15. A display panel comprising:

a substrate in the form of a dielectric encapsulant having opposite first and second sides;

electrical connections in the form of routable conductive traces formed from a first metallic layer on the first side of the carrier;

a plurality of LED dice mounted on the routable conductive traces for LED illumination of the display panel; and

conductive interconnects encapsulated in the dielectric carrier formed from a second metallic layer having a pattern that is different from the first metallic layer, the conductive interconnects further having first and second ends which are in electrical communication with the routable conductive traces and the second side of the carrier respectively.

16. The display panel as claimed in claim 15, wherein the display panel comprises a display sub-panel, which is configured to be mountable with one or more other similar display sub-panels for modularly assembling a display panel which is larger than the display sub-panel.

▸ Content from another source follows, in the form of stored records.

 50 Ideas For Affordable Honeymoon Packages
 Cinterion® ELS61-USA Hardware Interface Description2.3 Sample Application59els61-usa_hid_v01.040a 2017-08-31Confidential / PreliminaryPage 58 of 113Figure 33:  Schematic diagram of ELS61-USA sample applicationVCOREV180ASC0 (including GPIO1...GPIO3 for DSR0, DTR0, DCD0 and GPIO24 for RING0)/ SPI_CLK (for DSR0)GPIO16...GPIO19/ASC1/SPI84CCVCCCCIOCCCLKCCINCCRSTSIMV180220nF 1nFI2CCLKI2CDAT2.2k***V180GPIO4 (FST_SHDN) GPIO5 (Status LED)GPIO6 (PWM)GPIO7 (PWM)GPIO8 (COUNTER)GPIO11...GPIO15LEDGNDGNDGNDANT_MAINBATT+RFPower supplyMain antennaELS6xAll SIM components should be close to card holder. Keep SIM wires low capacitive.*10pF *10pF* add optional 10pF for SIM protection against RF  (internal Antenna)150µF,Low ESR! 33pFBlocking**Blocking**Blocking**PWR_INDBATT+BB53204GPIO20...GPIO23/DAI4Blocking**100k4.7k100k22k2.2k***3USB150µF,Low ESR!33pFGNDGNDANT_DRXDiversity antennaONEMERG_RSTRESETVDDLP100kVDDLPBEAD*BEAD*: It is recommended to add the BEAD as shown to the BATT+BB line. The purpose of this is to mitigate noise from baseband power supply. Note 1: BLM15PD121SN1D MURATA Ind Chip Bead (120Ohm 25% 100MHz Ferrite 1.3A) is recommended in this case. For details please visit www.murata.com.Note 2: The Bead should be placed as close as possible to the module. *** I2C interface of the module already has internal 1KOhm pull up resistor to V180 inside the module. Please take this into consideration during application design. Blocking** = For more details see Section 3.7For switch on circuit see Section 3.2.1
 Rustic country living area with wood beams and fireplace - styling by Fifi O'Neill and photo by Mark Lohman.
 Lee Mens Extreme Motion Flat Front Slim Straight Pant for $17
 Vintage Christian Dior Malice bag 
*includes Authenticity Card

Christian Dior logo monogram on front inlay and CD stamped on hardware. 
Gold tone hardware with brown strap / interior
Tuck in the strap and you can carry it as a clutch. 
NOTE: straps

17. A display panel comprising an assembly of a plurality of display sub-panels, each display sub-panel further comprising:

a substrate in the form of a dielectric encapsulant having opposite first and second sides;

electrical connections in the form of routable conductive traces formed from a first metallic layer on the first side of the carrier;

a plurality of LED dice mounted on the routable conductive traces for LED illumination of the display panel; and

conductive interconnects encapsulated in the dielectric carrier formed from a second metallic layer having a pattern that is different from the first metallic layer, the conductive interconnects further having first and second ends which are in electrical communication with the routable conductive traces and the second side of the carrier respectively.